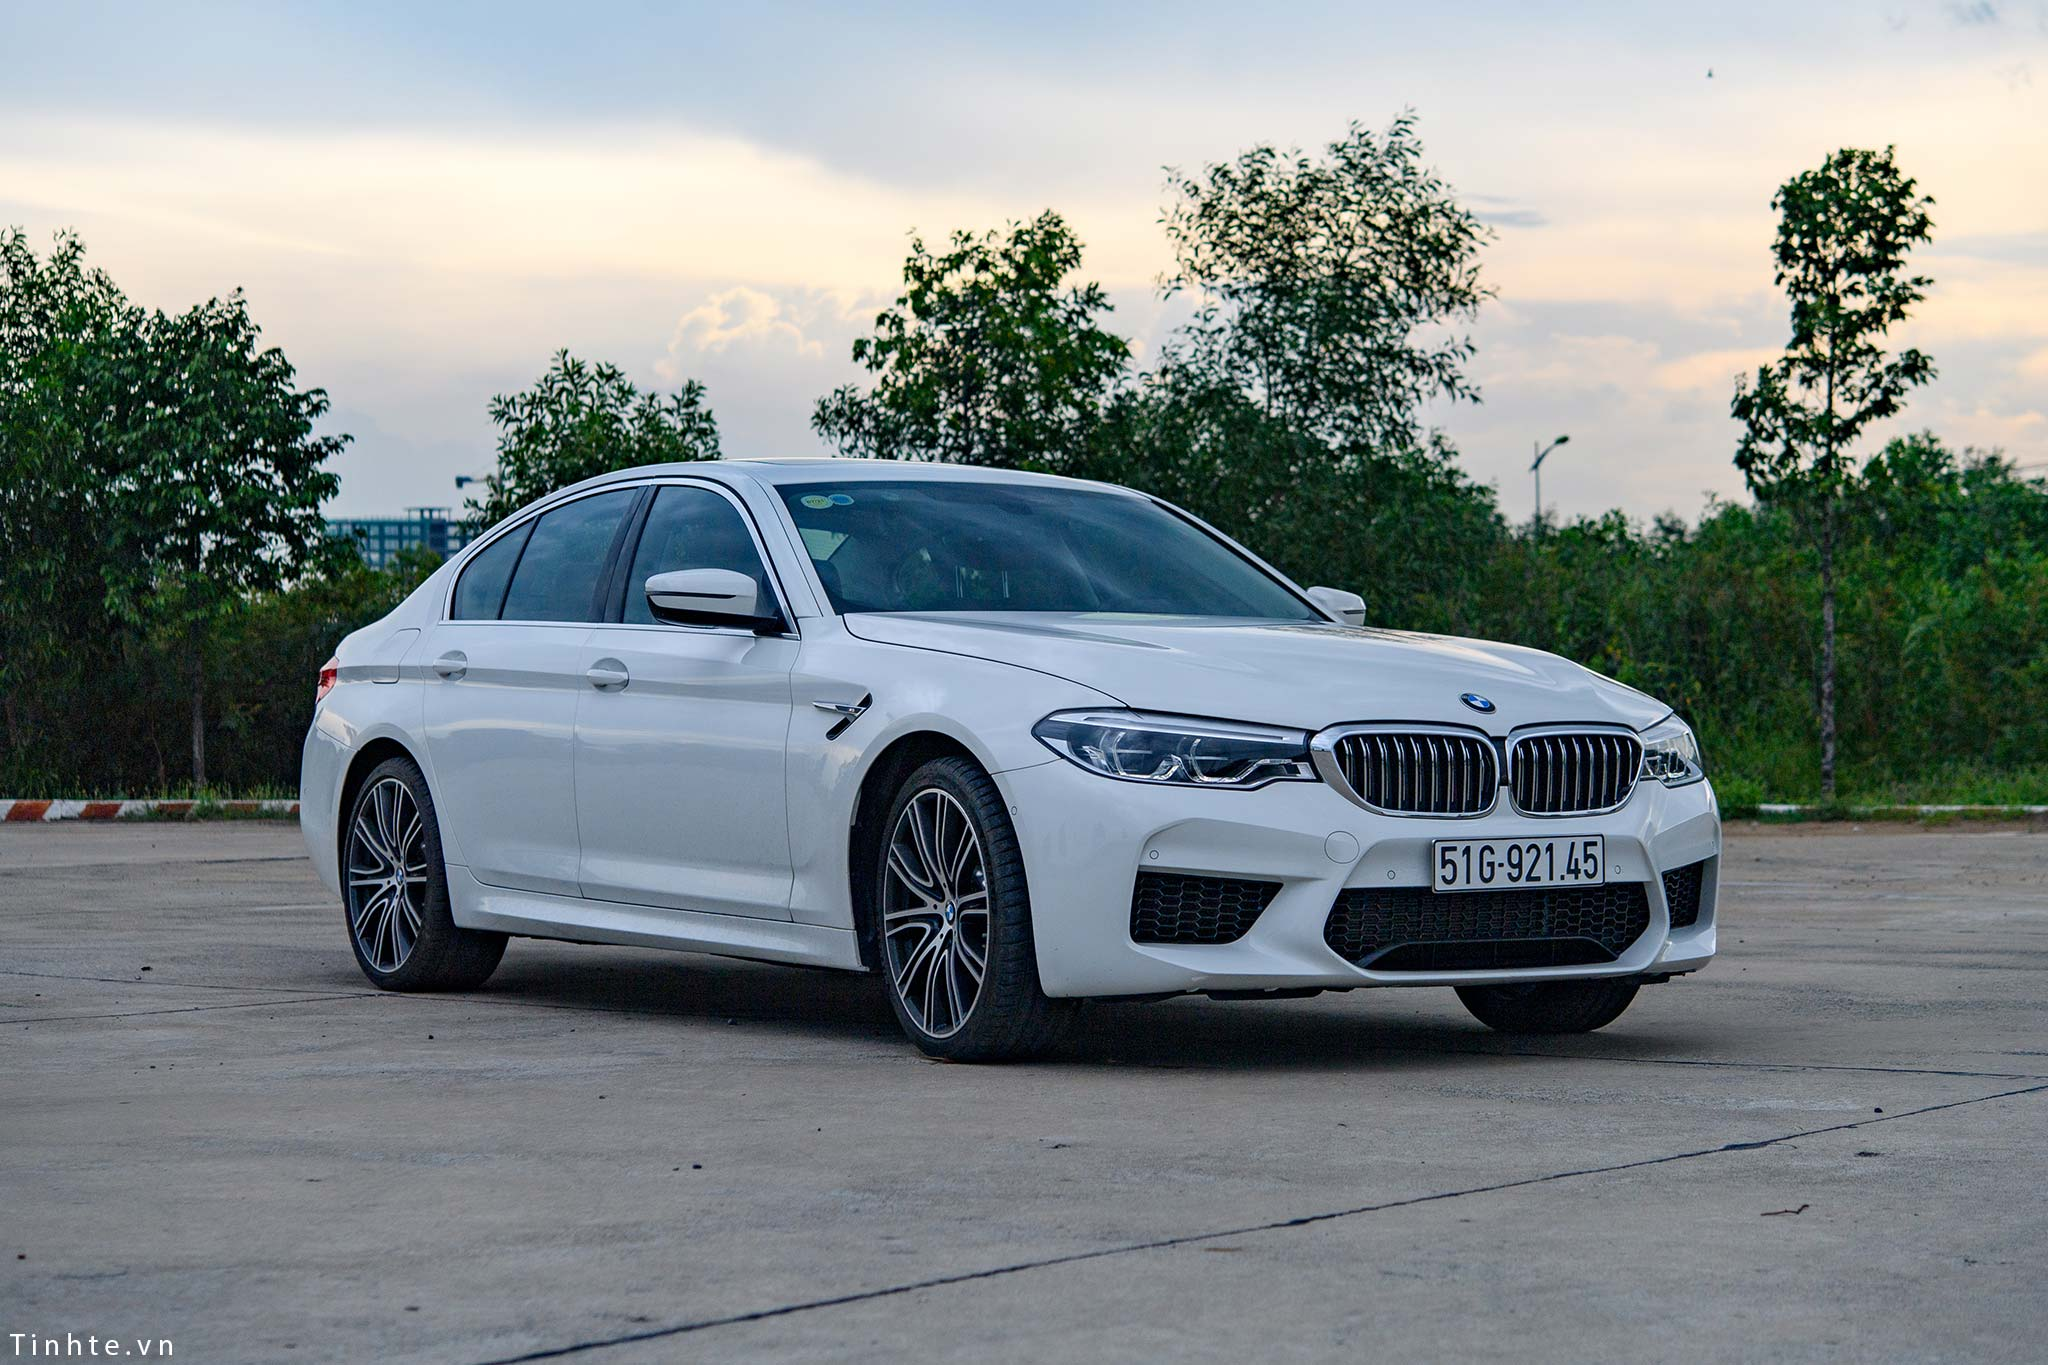 BMW_530i_G30_tinhte_36.jpg
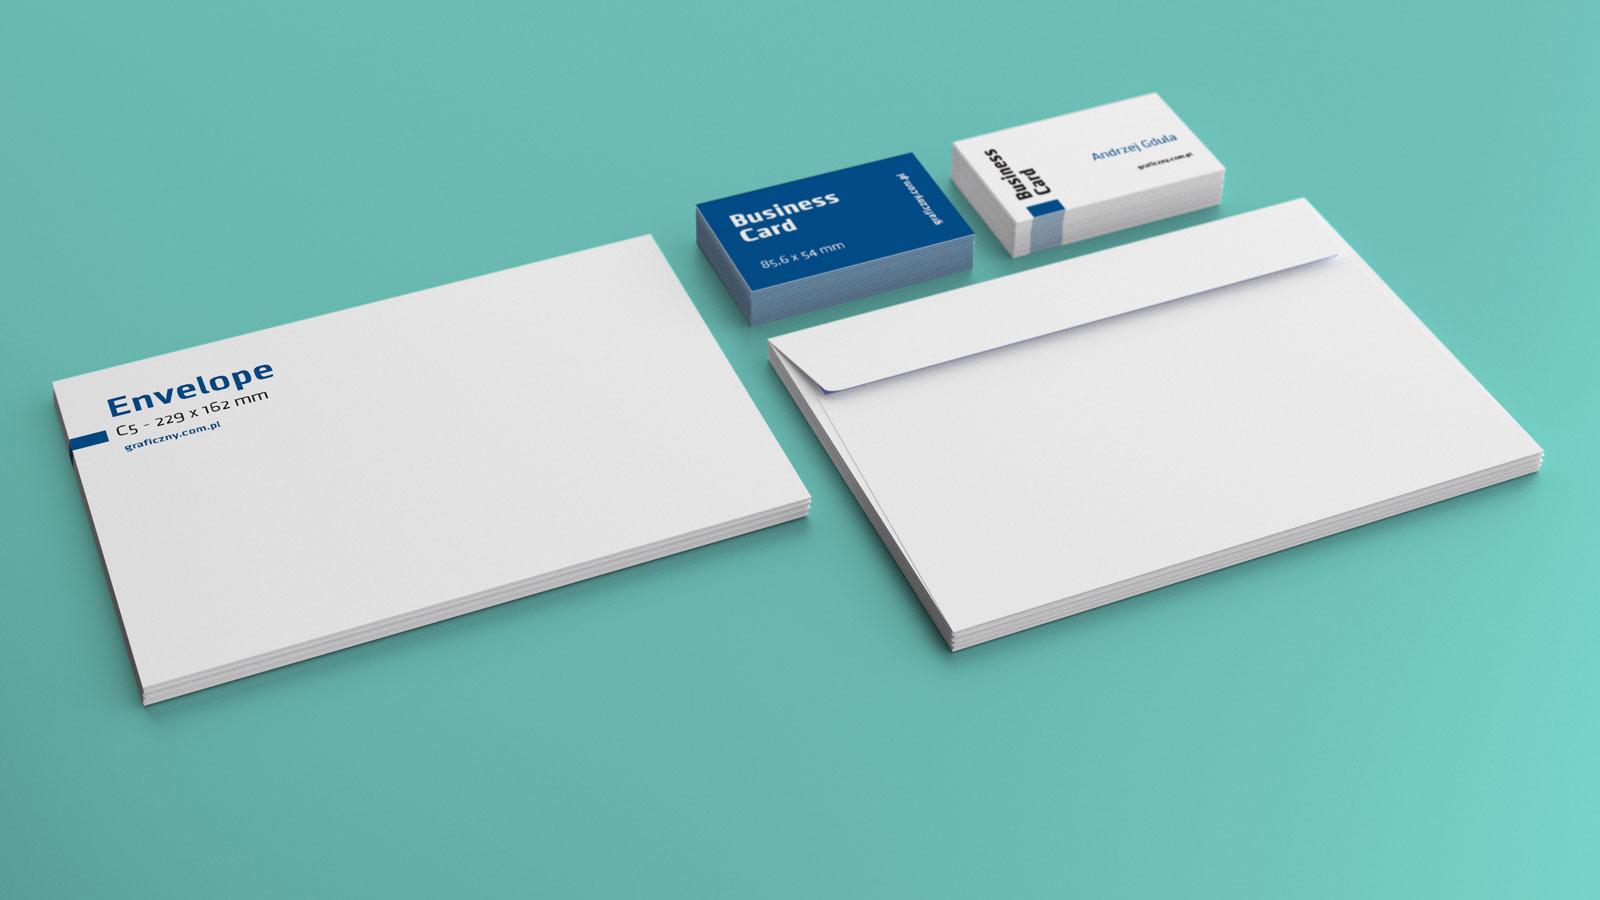 Free-Envelop-Business-Card-Mockup-PSD
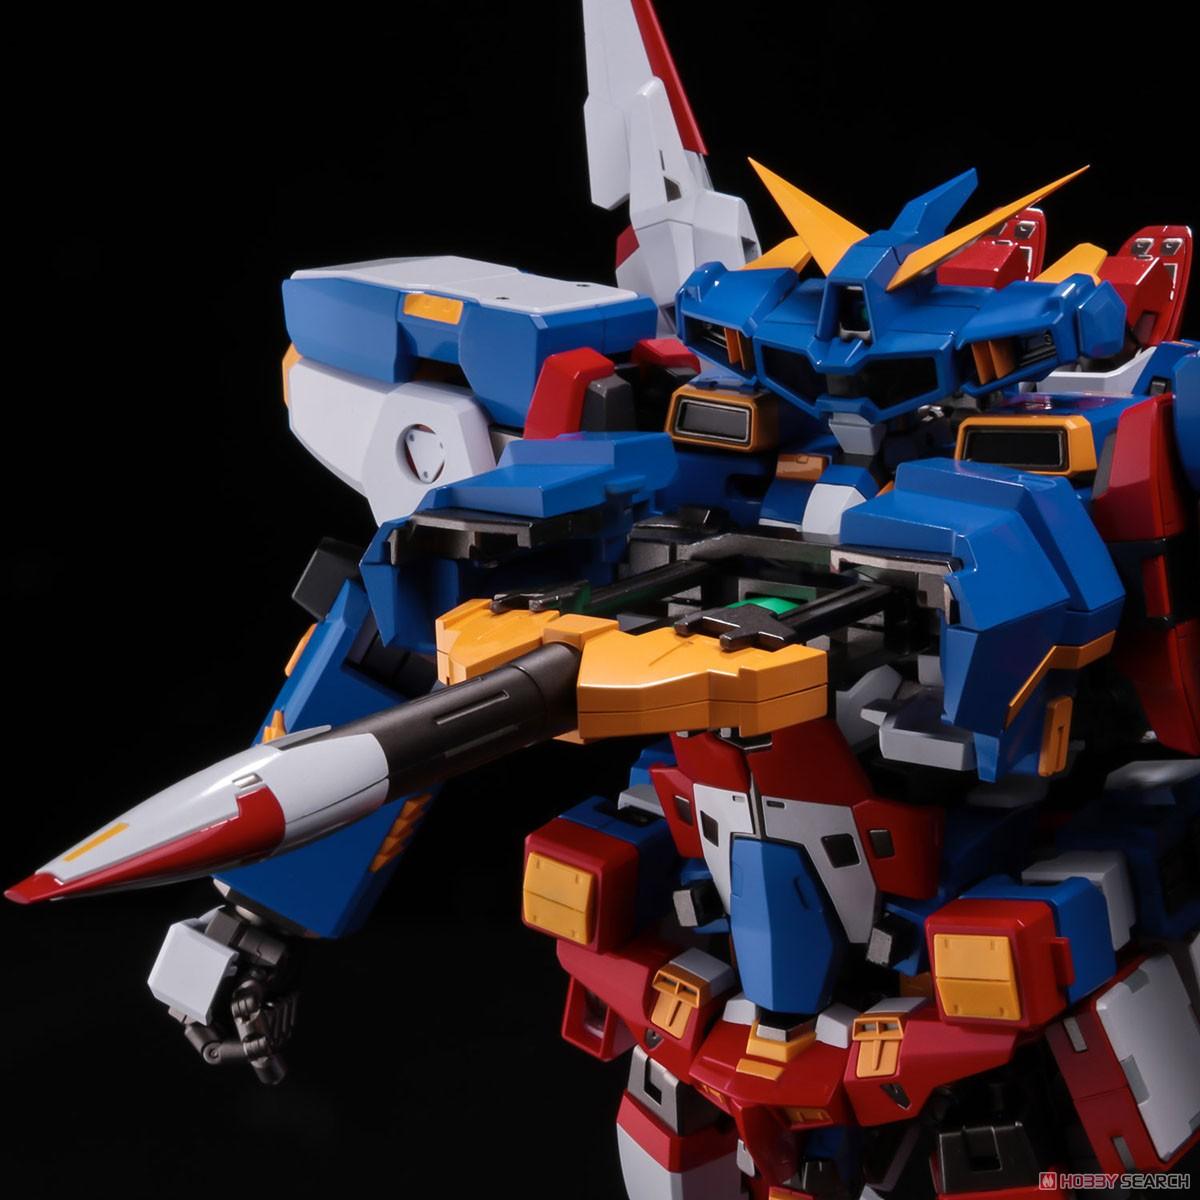 RIOBOT『変形合体 R-1』スーパーロボット大戦OG 可変合体フィギュア-048

= = =

→ **PROBLEM STATEMENT**
The material above should be returned exactly, without pictures.

→ **WRITTEN ANSWER**
 BMW_530i_G30_tinhte_36.jpg
 Free-Envelop-Business-Card-Mockup-PSD
 RIOBOT『変形合体 R-1』スーパーロボット大戦OG 可変合体フィギュア-048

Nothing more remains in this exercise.